Abstract

Background: Numerous studies suggest that non-steroidal anti-inflammatory drugs reduce cancer cell proliferation, progression, angiogenesis, apoptosis, and invasiveness.

Objective: The current study focuses on the evaluation of novel mefenamic acid derivatives for the treatment of hepatocellular carcinoma.

Methods: Derivatives were subjected to molecular modeling for prediction of pharmacological activity using software, followed by synthesis and in vitro assay. In in vivo study, disease was induced with N-Nitrosodiethylamine followed by 2-acetylaminofluorene orally for 2 weeks. After 12 weeks of induction, treatment was given for a period of one week.
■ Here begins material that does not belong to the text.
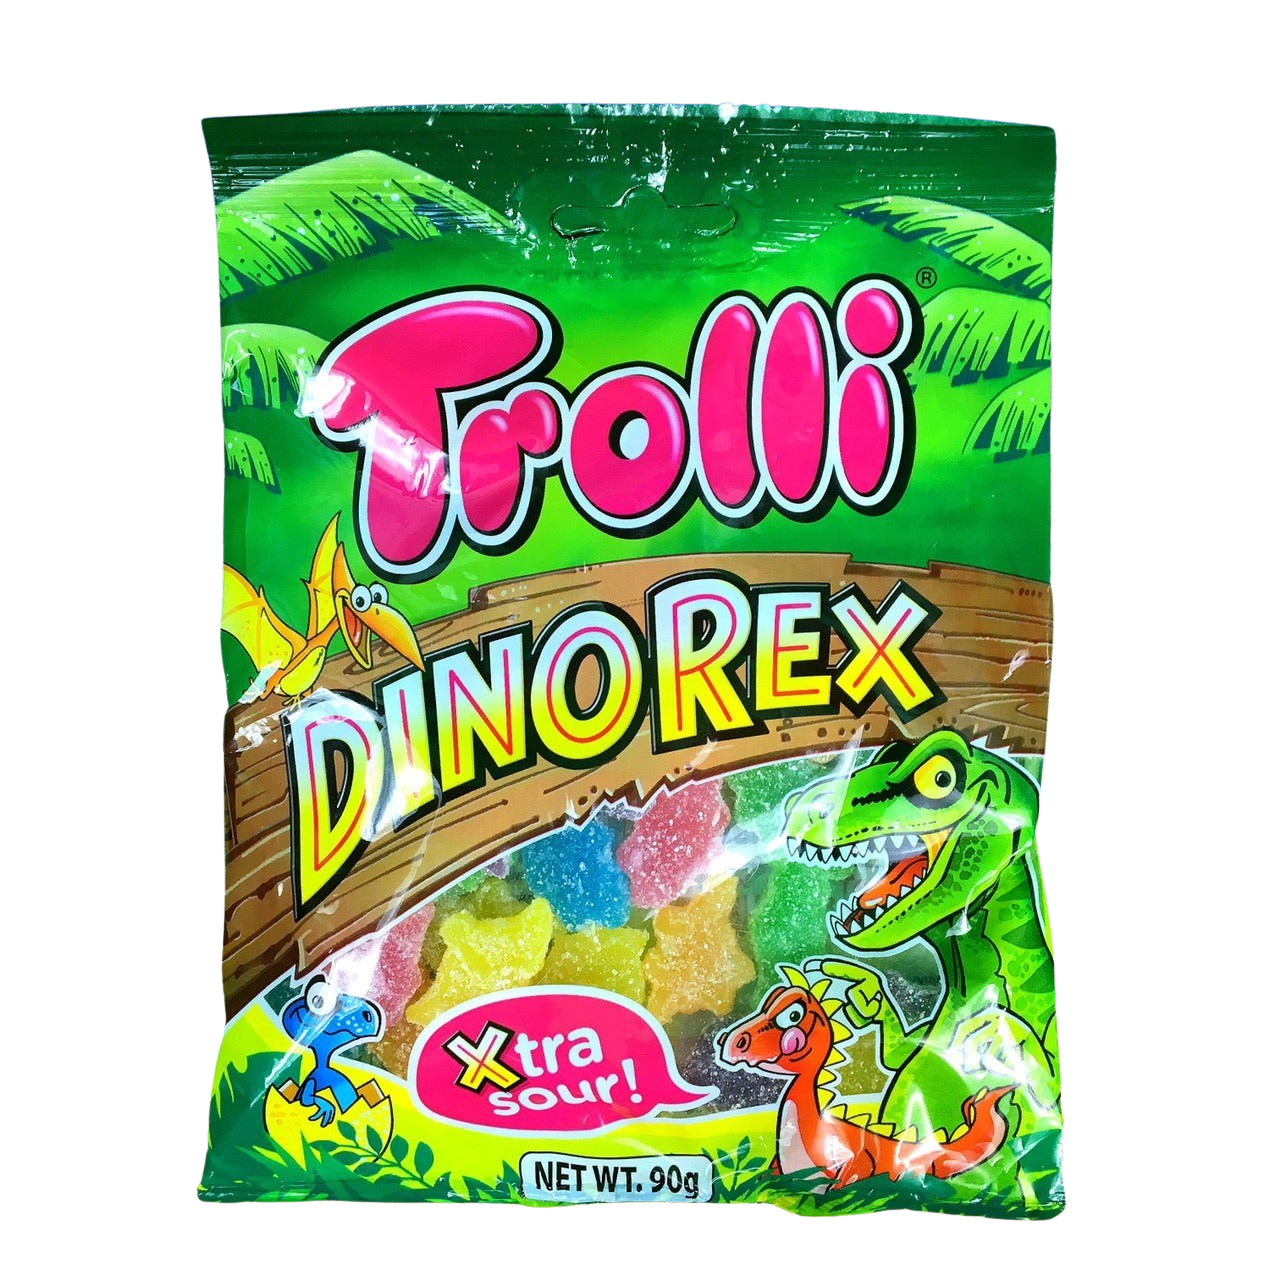 Trolli - Xtra Sour Dinorex

At the end of the treatment, determination of liver weight, a number of nodules, biochemical parameters, immunohistochemistry, histopathology, and gene expression studies, were carried out.
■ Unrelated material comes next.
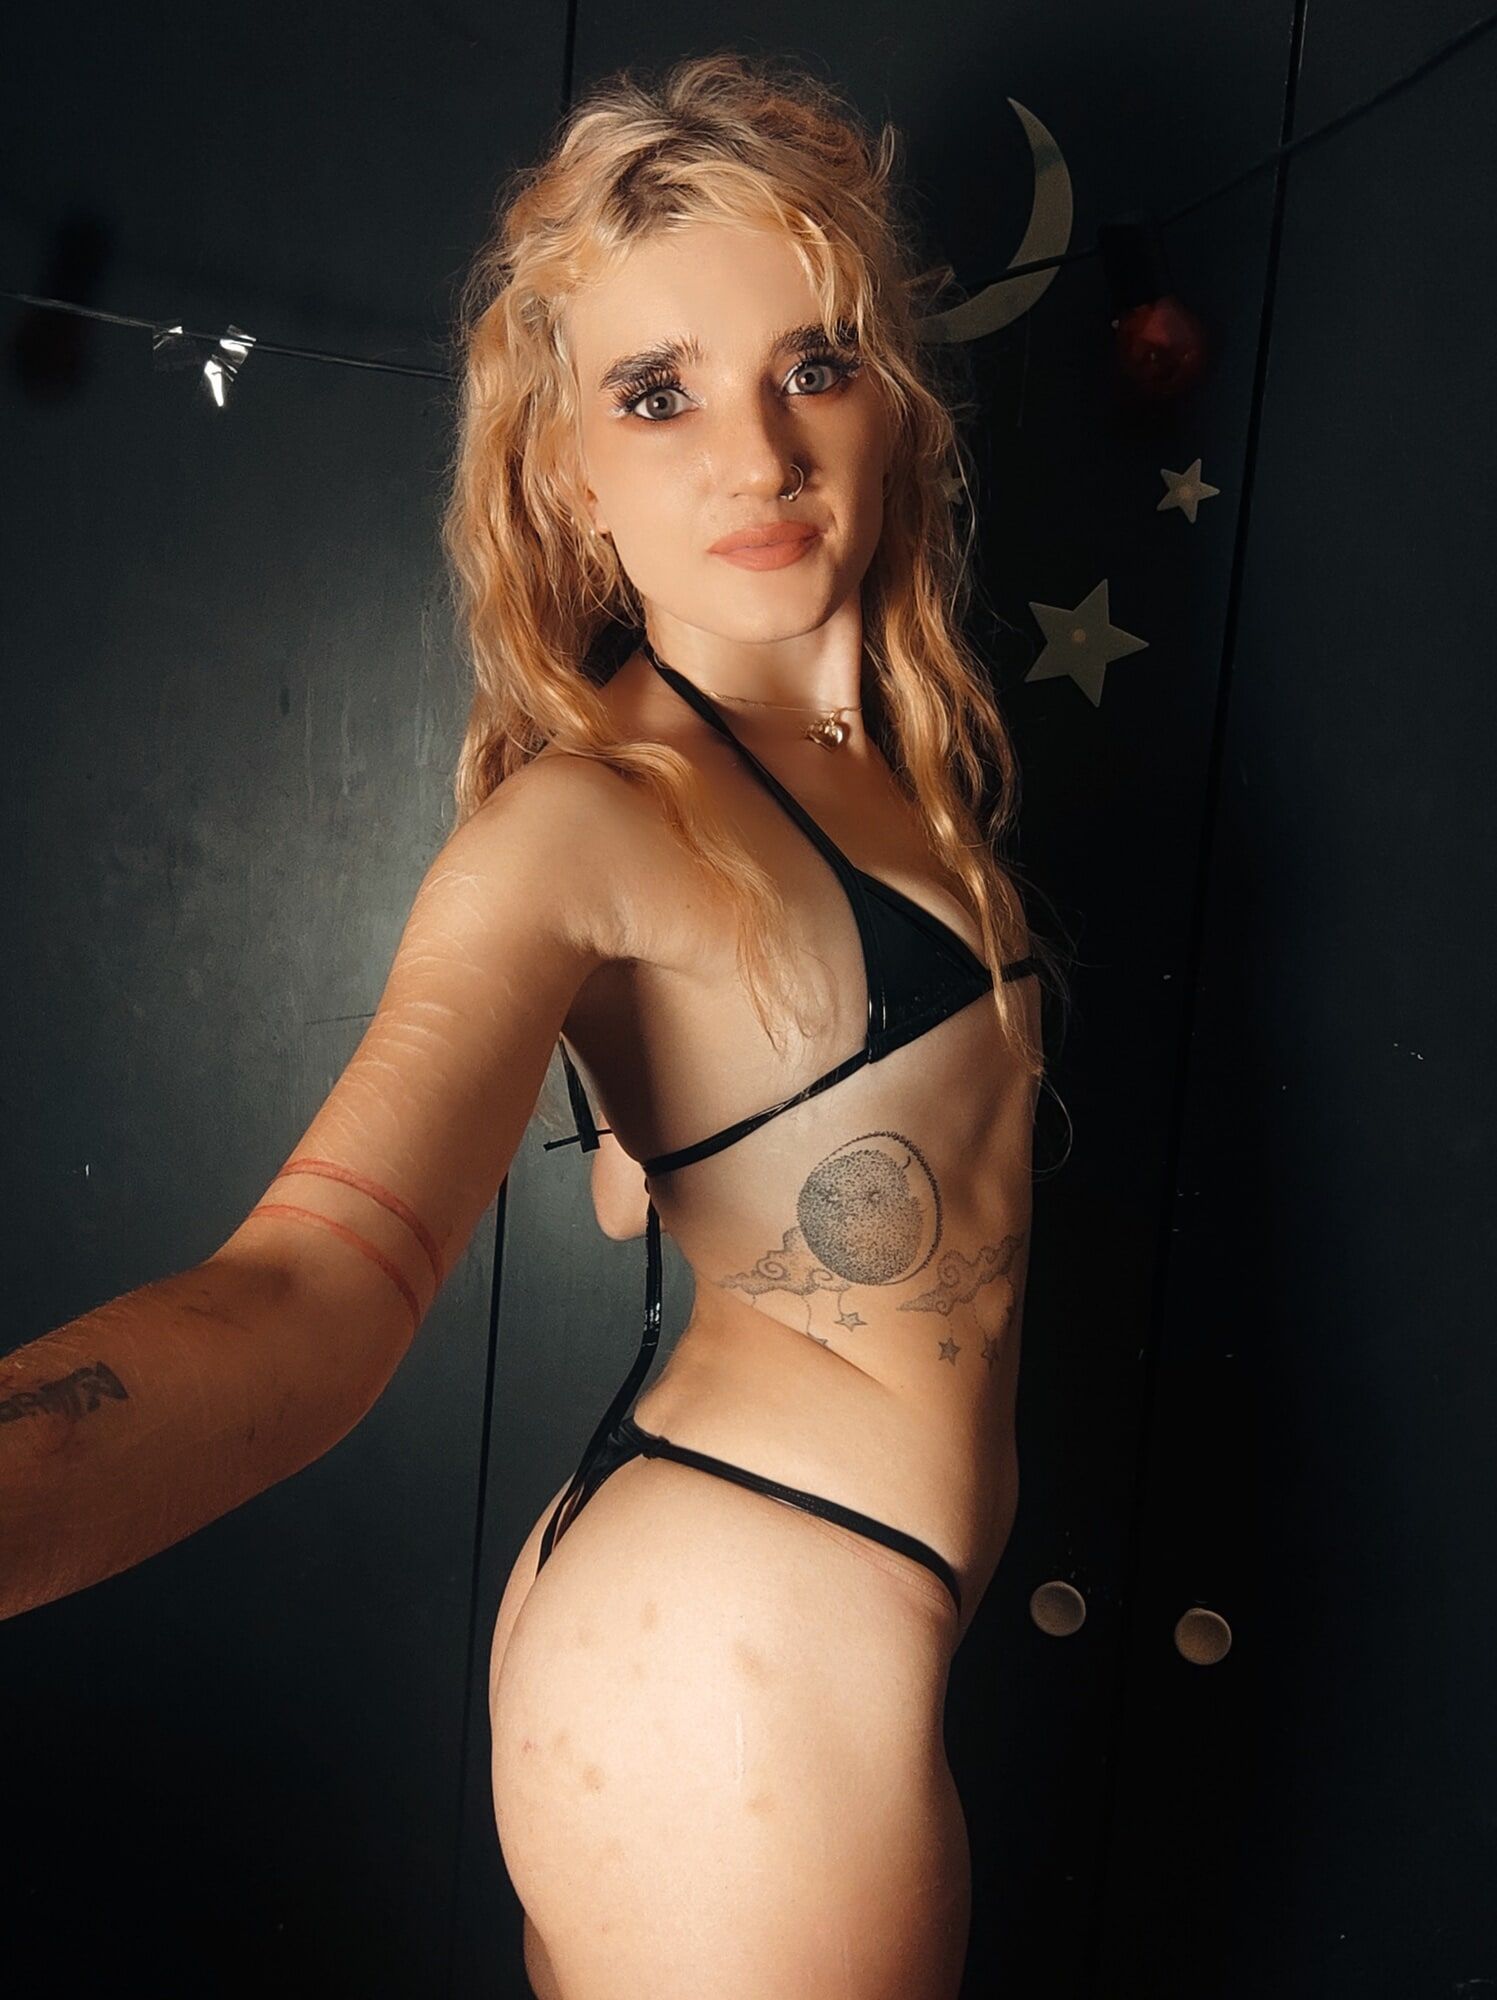 I'm feeling playful in my little fake leather bikini  #2

Results: Based on molecular docking score for PDGF-α (Platelet-Derived Growth Factor) and IC50 values in HepG2 cell line study, JS-PFA was selected for the in vivo study where JS-PFA showed a statistically significant reduction in a number of nodules and liver weight. Protective role of JS-PFA has been observed in tumorspecific markers like α-fetoprotein, carcinoembryonic antigen, and lactate dehydrogenase levels. The JS-PFA has shown a significant reduction in PDGF-α levels as well as liver markers and total bilirubin levels. Histopathological analysis also showed a protective effect. The results of immunohistochemical analysis of P53 and down-regulation of vascular endothelial growth factor and matrix metalloproteinases-9 genes suggest that derivative inhibits PDGF mediated tumor growth and leads to apoptosis, inhibition of angiogenesis, and metastasis.

Conclusion: The effectiveness of JS-PFA in our studies suggests targeting PDGF by COX 2 inhibitor can serve as a novel treatment strategy for the treatment of HCC.

Keywords: Anticarcinogenic agents, cyclooxygenase 2, carcinoma, hepatocellular, mefenamic acid, platelet-derived growth factor.